*** Data section ***

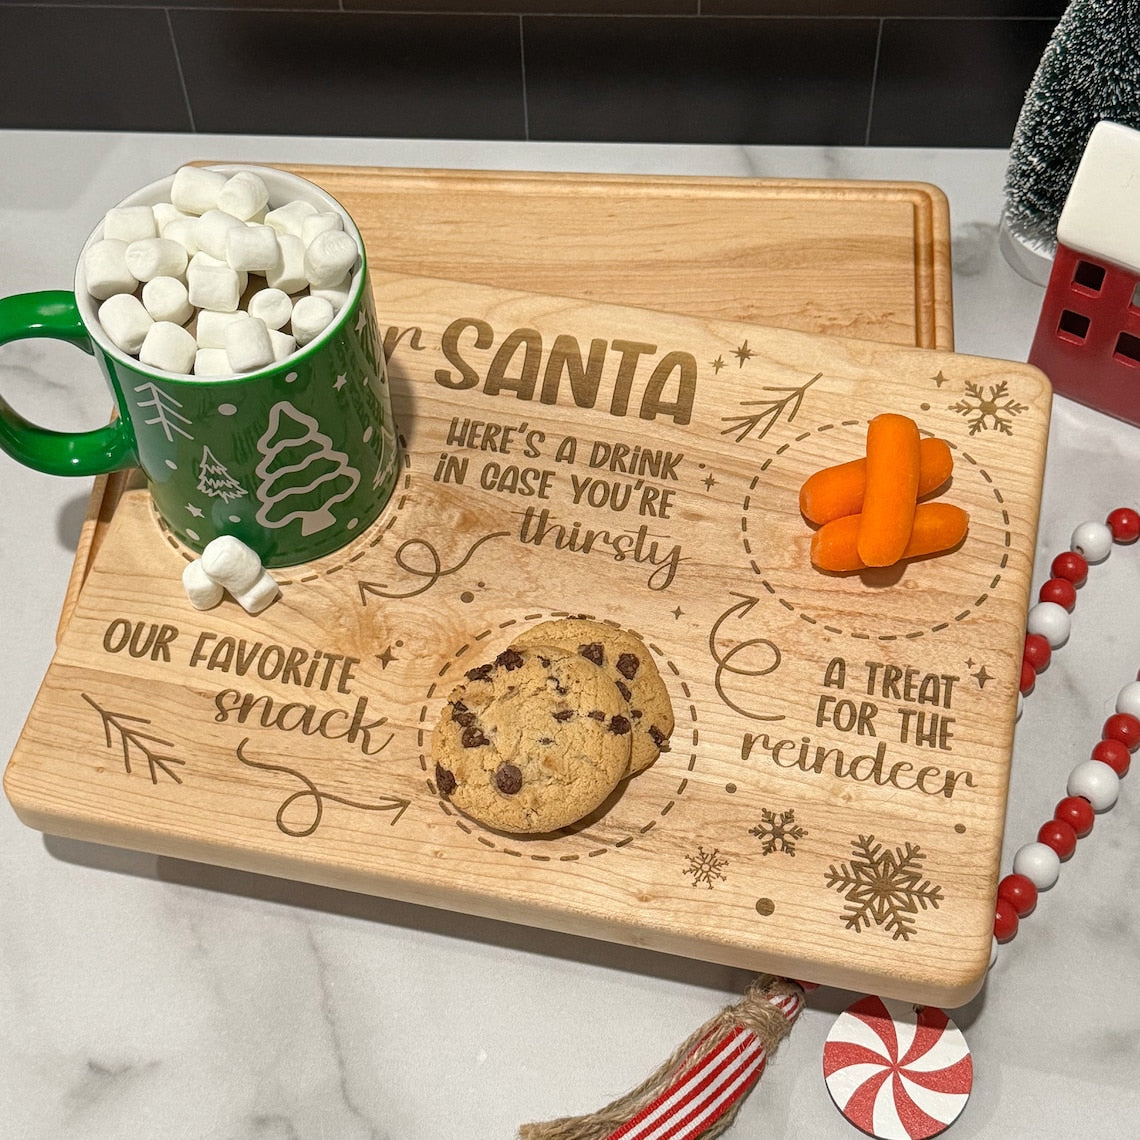 A wooden Santa Tray / Cutting Board with a santa mug and cookies.
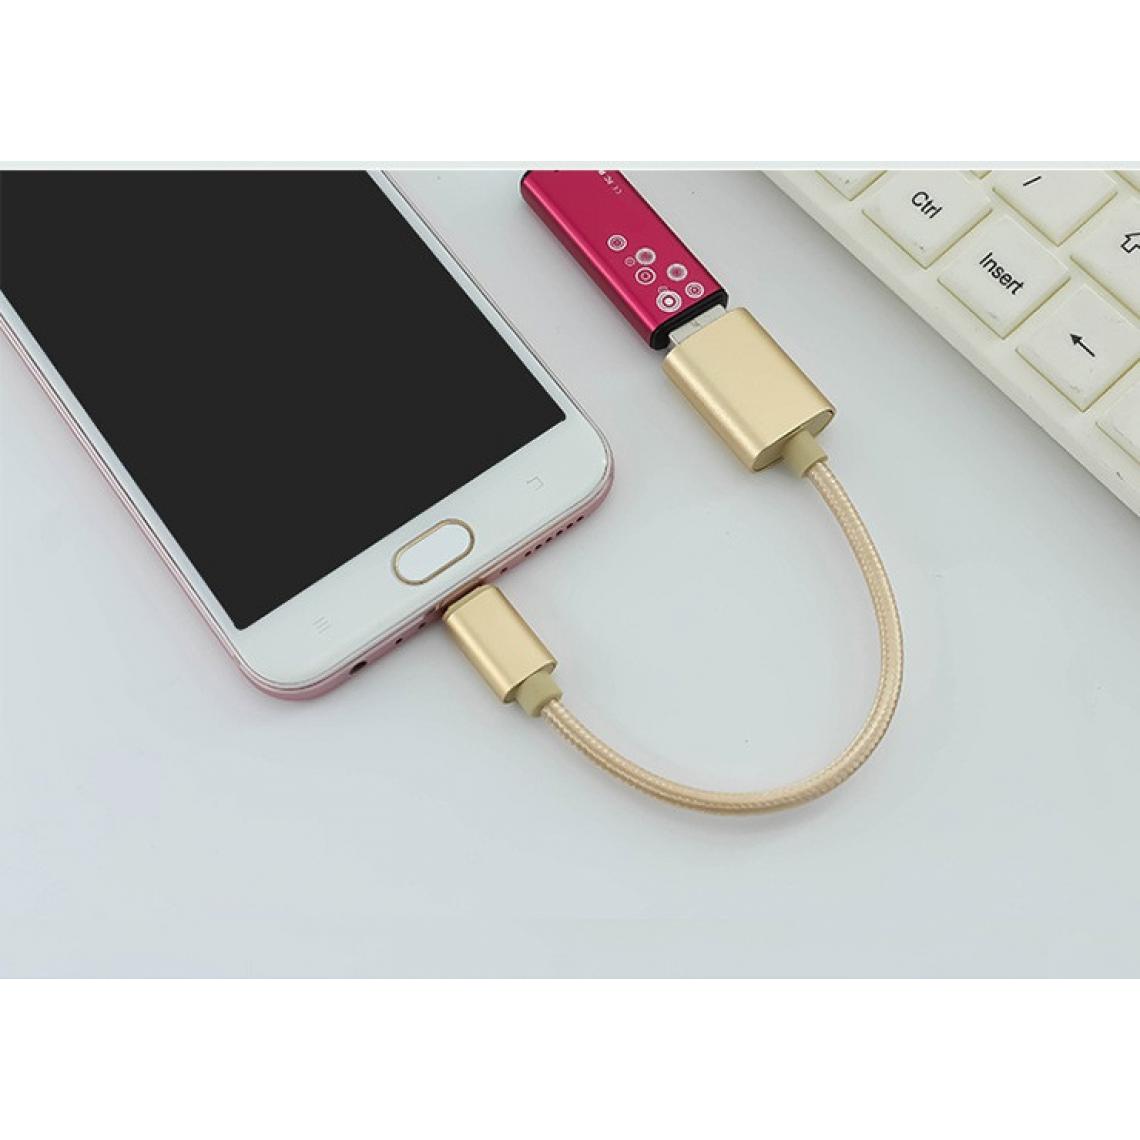 Shot - Adaptateur Type C/USB pour LeEco Le 1s Smartphone & MAC USB-C Clef (OR) - Autres accessoires smartphone
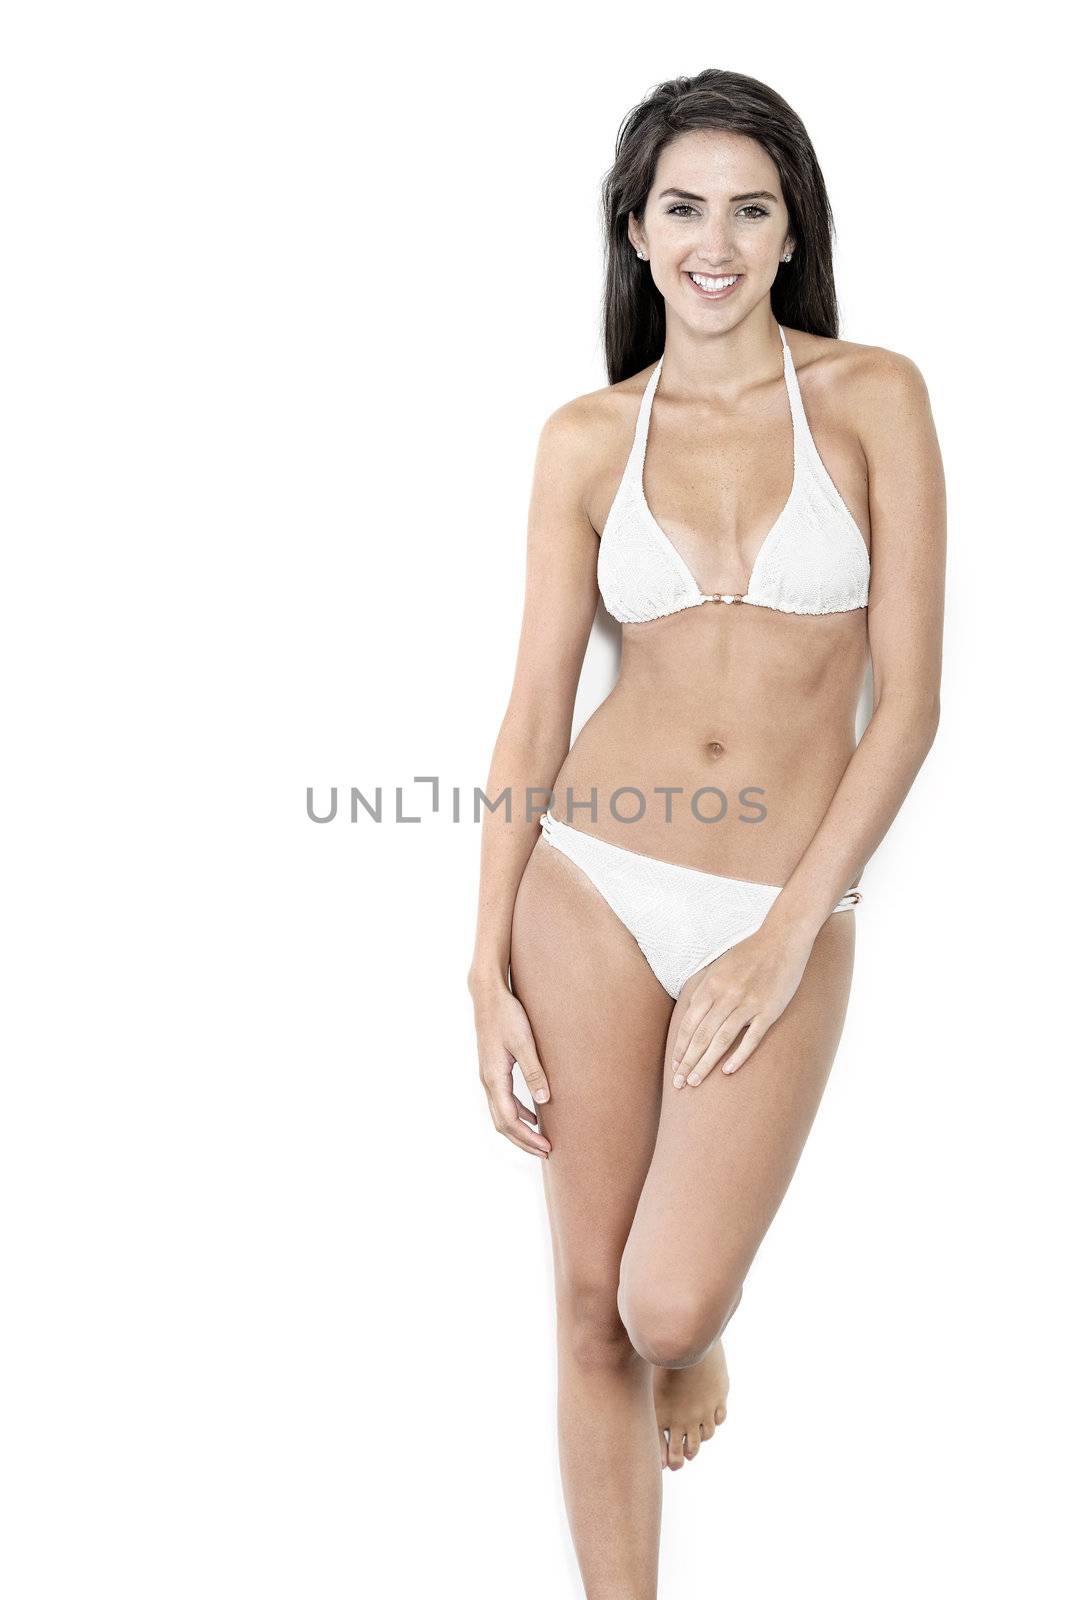 Woman in bikini smiling by studiofi

***

### [Exercise]
Please copy the data above character for character, skipping any pictures.

### [Answer for the task]
 A wooden Santa Tray / Cutting Board with a santa mug and cookies.
 Shot - Adaptateur Type C/USB pour LeEco Le 1s Smartphone & MAC USB-C Clef (OR) - Autres accessoires smartphone
 Woman in bikini smiling by studiofi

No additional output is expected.